The transition into the bartending world was no surprise. Roger has always had an interest in bartending – he was even the programs director of his school’s (Singapore Management University) bartending club.
My interest in bartending started close to the point where I was legal for drinking. Initially it was just the parties, but then I got exposed to cocktails and the sophistication behind it.
I started visiting cocktail bars and trying out different cocktails and eventually found myself making drinks at home for friends quite often. I eventually found myself a job at a cocktail bar and fell in love with it.
When the 29-year-old was a rookie bartender, he often had conversations over drinks with his friends to set up their own bar together.
That was just a dream at that point of time. When he was doing his National Service, he was introduced to a local craft cocktail bar called Bar Stories. He fell in love with the place and immediately asked for a job there.
Little did he know, that very place was where he met his future business partners.
On one occasion, his manager asked him to bartend at a friend’s private party.
Roger roped in his friend Mike, and together they wowed the party guests with their skills in crafting bespoke drinks.
Guests were so impressed that they even asked for their contact details, opening up doors to more bartending gig opportunities.
Realising the demand and the lack of mobile bartending companies in Singapore, the duo decided to form one in 2013 called Mixes from Mars.
The quirky name highlighted their ambition to create drinks that are “out of this world”, and it also incorporated the acronym of their names (Mike and Roger, hence Mars).
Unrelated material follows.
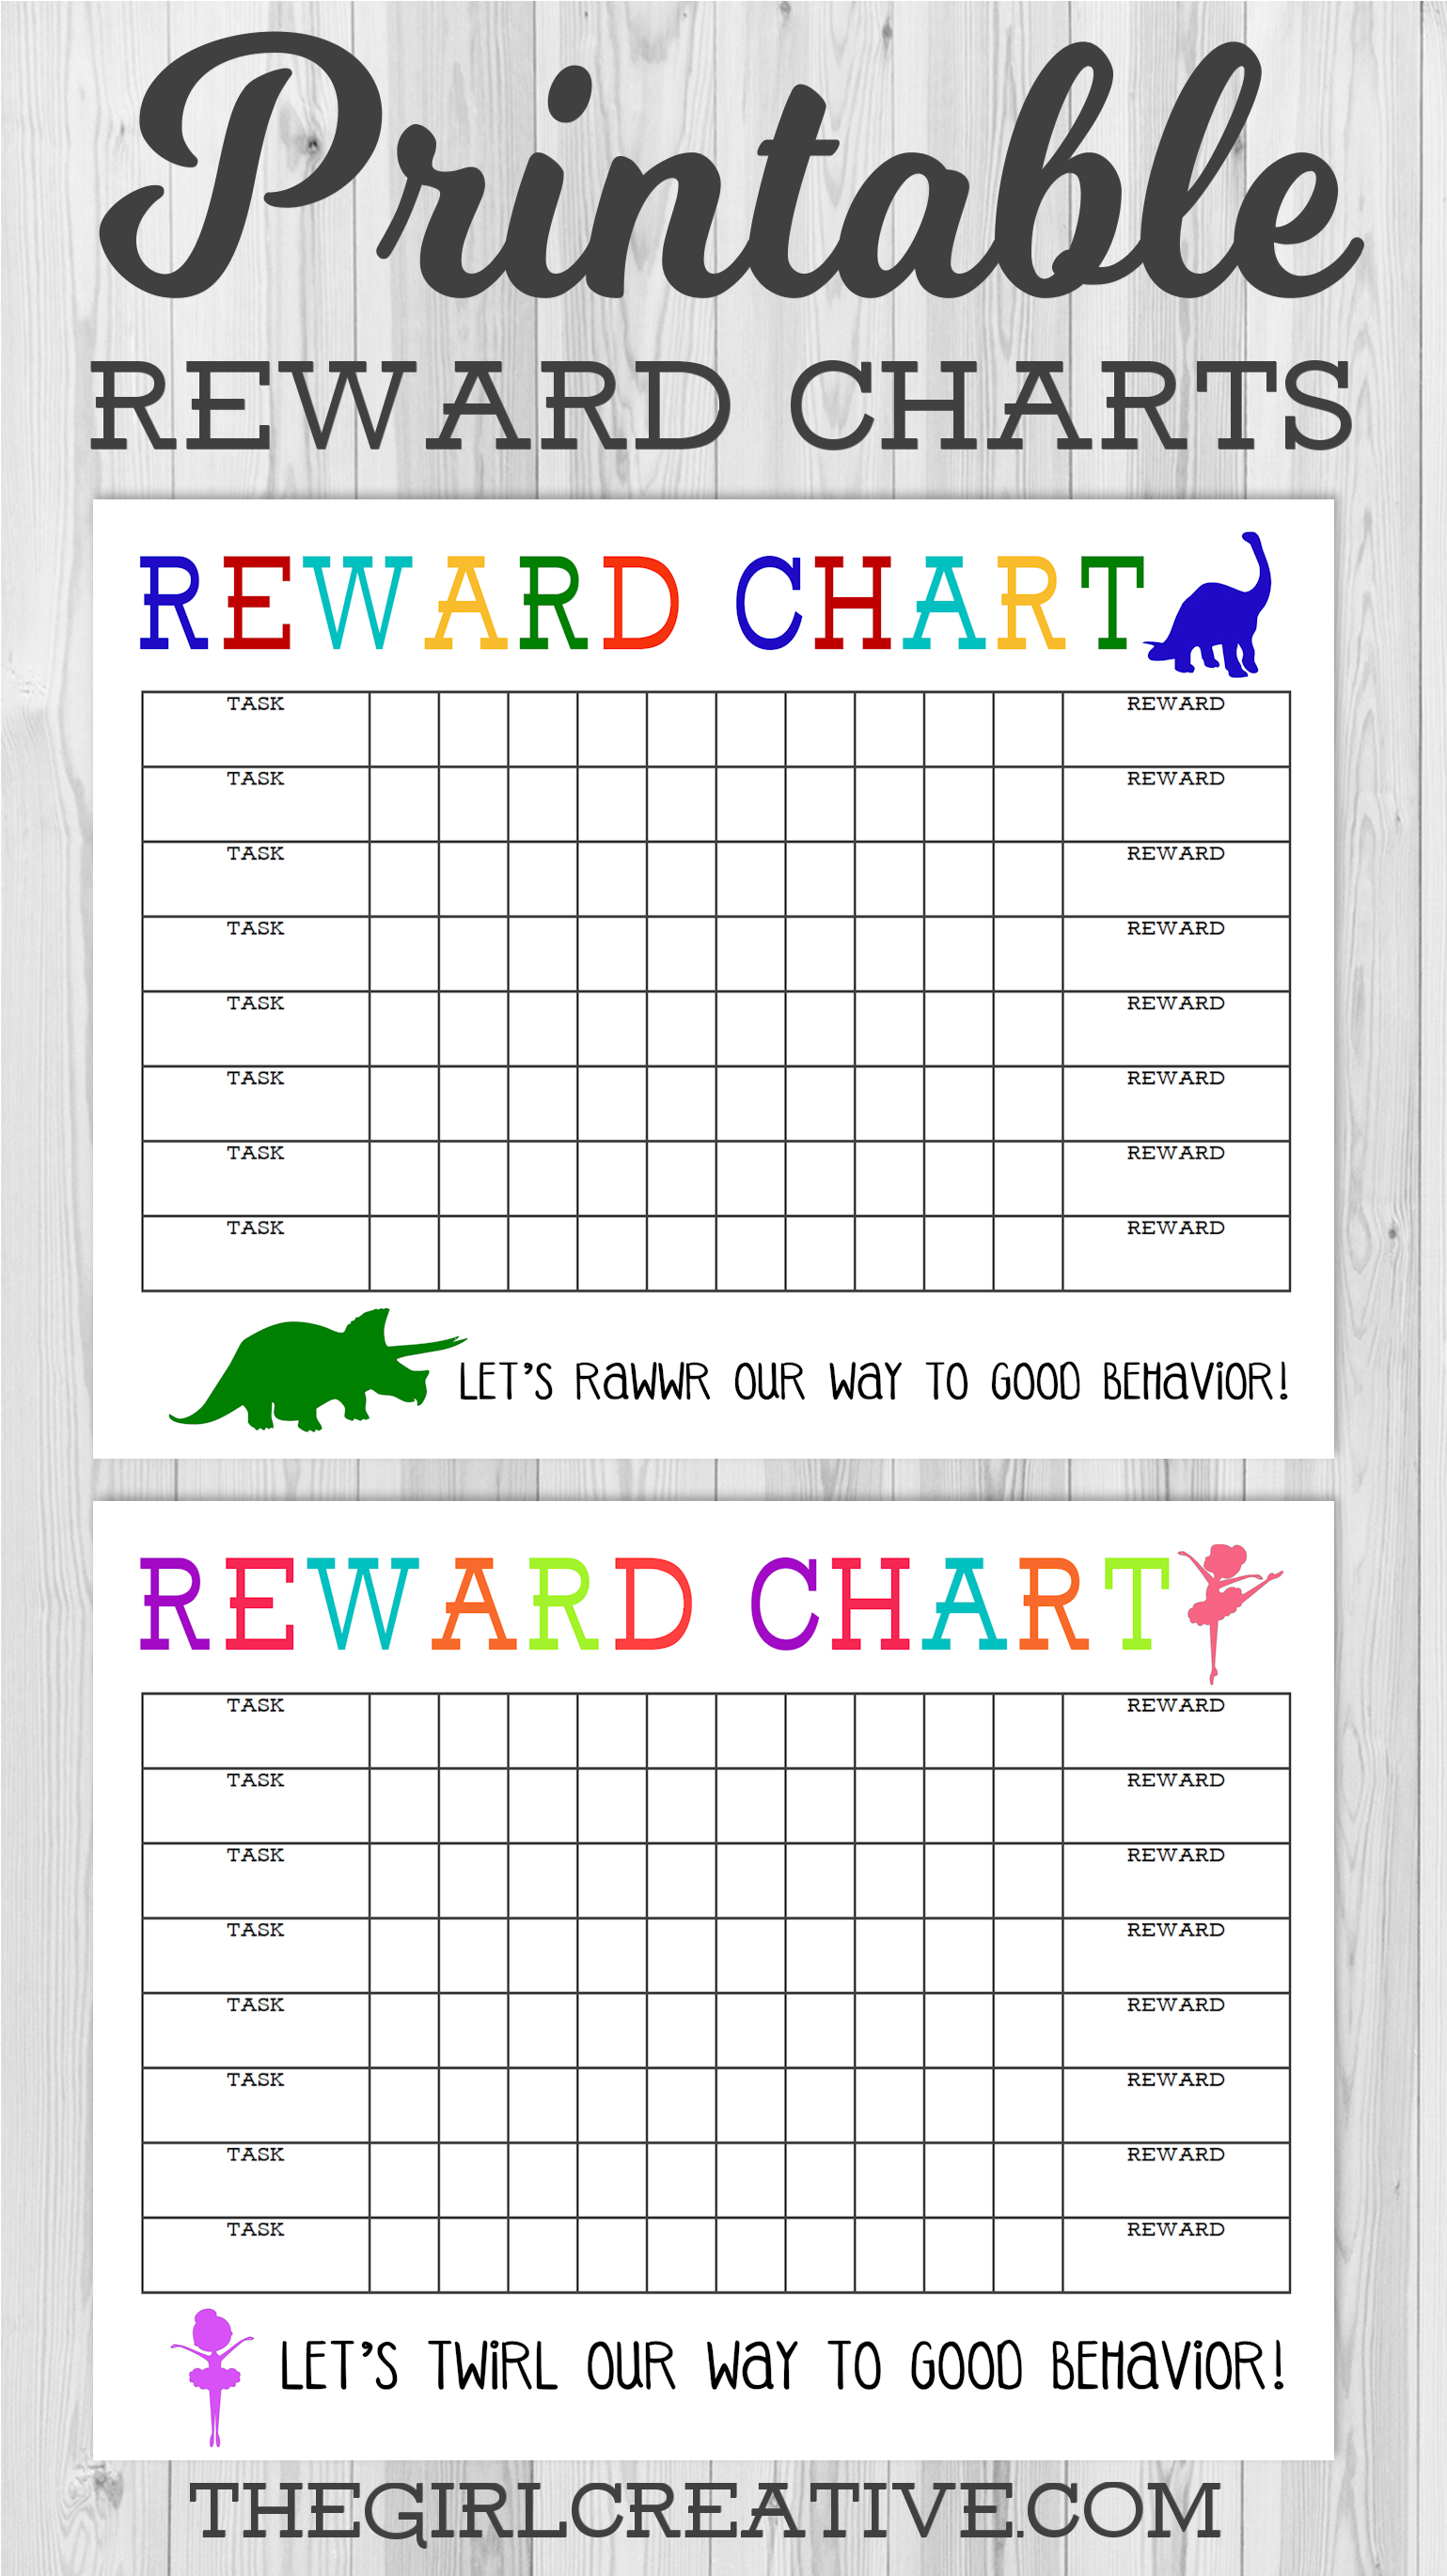 Printable Reward Chart - The Girl Creative - Free Printable Charts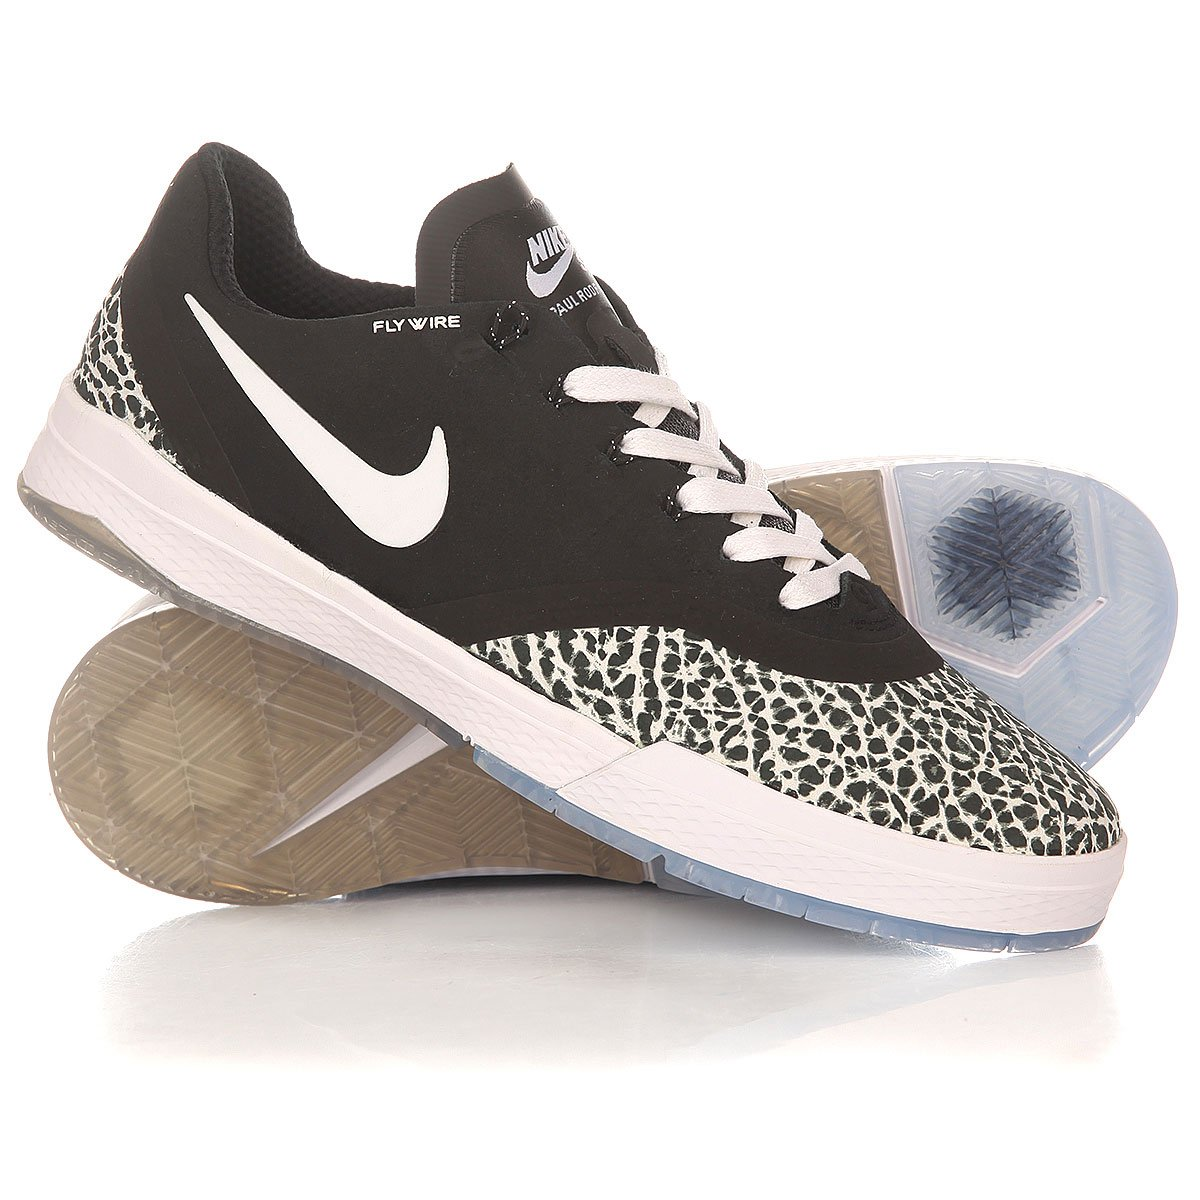 cde3ab83 Купить кеды низкие Nike Paul Rodriguez 9 Elite T Black/White (833902 ...

He was only 22 when he set up the business, so how did Roger acquire the capital?
A mobile bar business does not require much money. We already had the bartending tools and equipment to begin with as I was a bartender, and the only cost to us back then was the alcohol and fresh ingredients, which was still quite manageable cost-wise even as a student.
To save money, we designed the website on our own and did as many things on our own as possible.
They invested around S$5,000 to get Mixes from Mars off the ground, and operated it right out of Roger’s bedroom.
When asked about business challenges, Roger said that craft cocktails require “intricate preparation” such as juicing fresh fruits, preparing herbs, fruits and garnishes. A lot of manual labour goes into it, and they have to be prepared in advance so that they can serve the drinks faster.
Setting up a mobile bar also requires a lot of logistics like tables, glasses, a range of spirits, ice and plenty of fresh ingredients. In the early days, the duo often prepared and stored all these from Roger’s house and his parents often complained about all the “mess”.
Despite these difficulties, the company quickly took flight as they began landing more bookings.
At this point in time, both Roger and Mike were just starting school at Singapore Management University (SMU) so they had to rope in another business partner to help cope with operations.
However, even in school, Roger’s passion for bartending is clear to see. He joined a bartending club at SMU, where he took up the role of a programs director.
Towards the end of 2013, the trio stumbled upon yet another business opportunity.
One of their event clients, who is the owner of the now-defunct Duxton Hotel, offered them a chance to run a pop-up physical bar.
“(He) wanted more activity going on within his hotel before it was renovated, and offered us a low share-based rent that was too hard to pass on,” said Roger, recounting their business meeting with the hotel owner.
“We (also) didn’t have to renovate at all as the bar was already existent. We simply had to move in.”
With little overhead costs, they saw no reason to decline the offer.